Al mismo tiempo el káiser, ni tardo ni perezoso, se propuso seducir a Villa -jugaba a todas las cartas- explotando el resentimiento del guerrillero contra Wilson y "los gringos" y prometiéndole, a Villa también, la reconquista del suroeste norteamericano.

El telegrama de Zimmerman desinfló como un globo caído entre nopales la posible alianza entre Carranza y Guillermo II. Le reveló a Villa el doble juego de la diplomacia alemana pero no lo despojó de su ánimo antiyanqui, llevándolo, en 1916, a invadir la población norteamericana de Columbus y a "devolver" como dijo un corrido, "la frontera" -aunque sólo fuese por unas horas.
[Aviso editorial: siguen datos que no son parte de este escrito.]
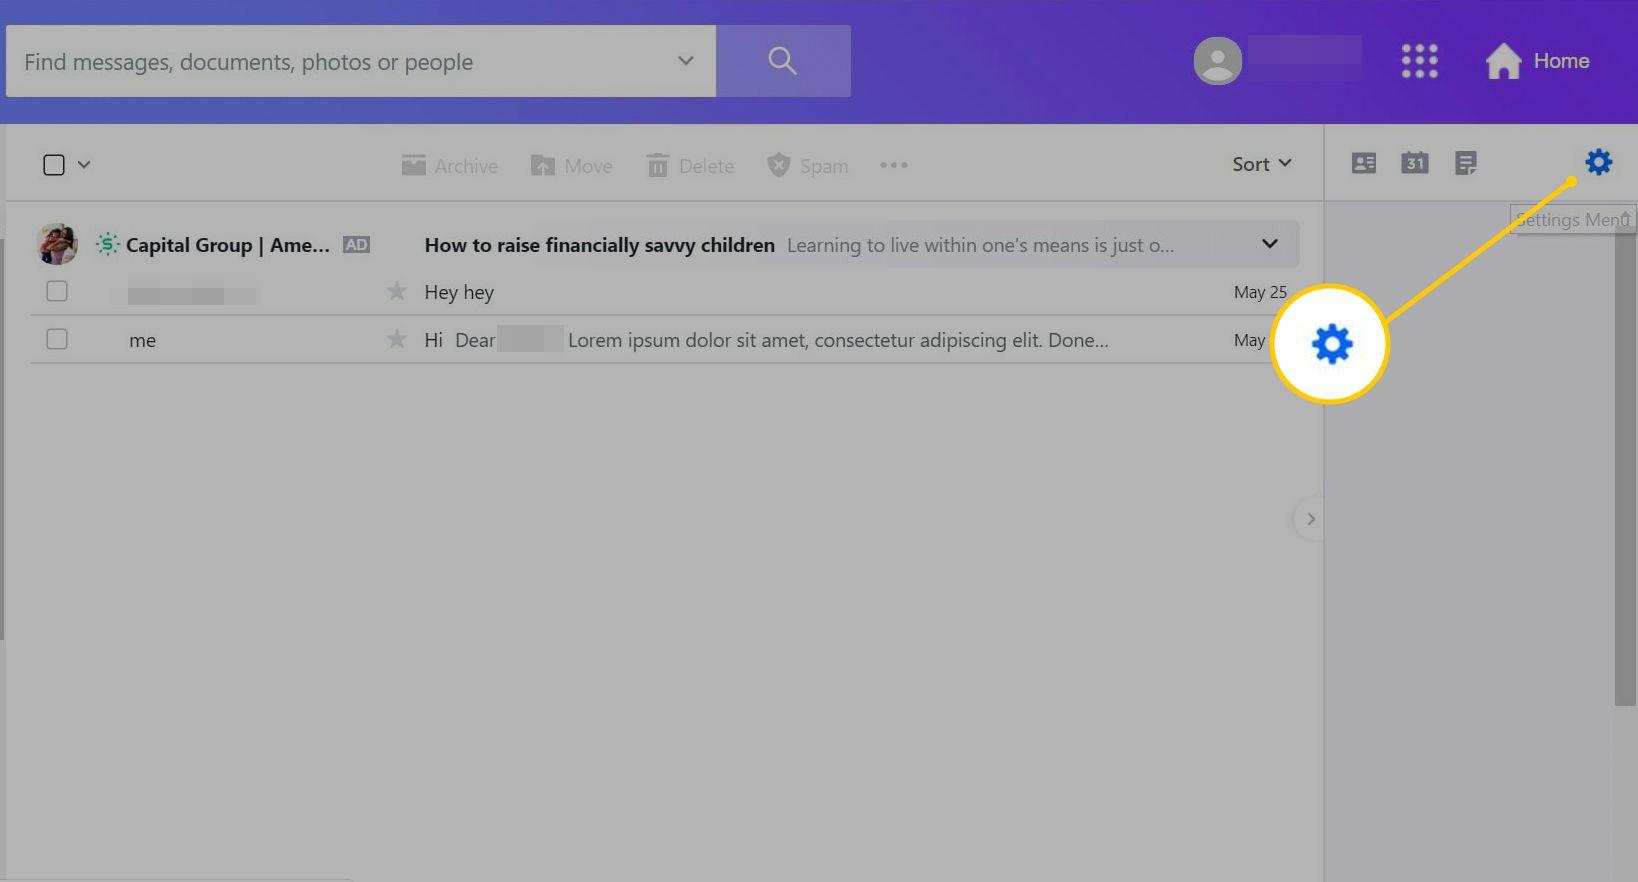 ska jag göra online dating Yahoo svar sånger om att vilja ansluta sig till en kille

De allí la relación entre el ingeniero Emil Baur y el general Francisco Villa. El ingeniero actuó como patriota alemán y agente de Berlín en el "blando vientre" sur de los Estados Unidos. Esto lo sabía todo el mundo y nadie se lo reprochaba. El sentimiento pro alemán en México era muy fuerte en aquellos tiempos y su razón sumamente clara. Sólo Alemania podía oponerse a los Estados Unidos y lo hacía con las mismas armas de éstos: la disciplina, el trabajo, la creación de riqueza, la fuerza militar. Lo que los mexicanos le envidiaban a los gringos, se lo podían admirar a los alemanes.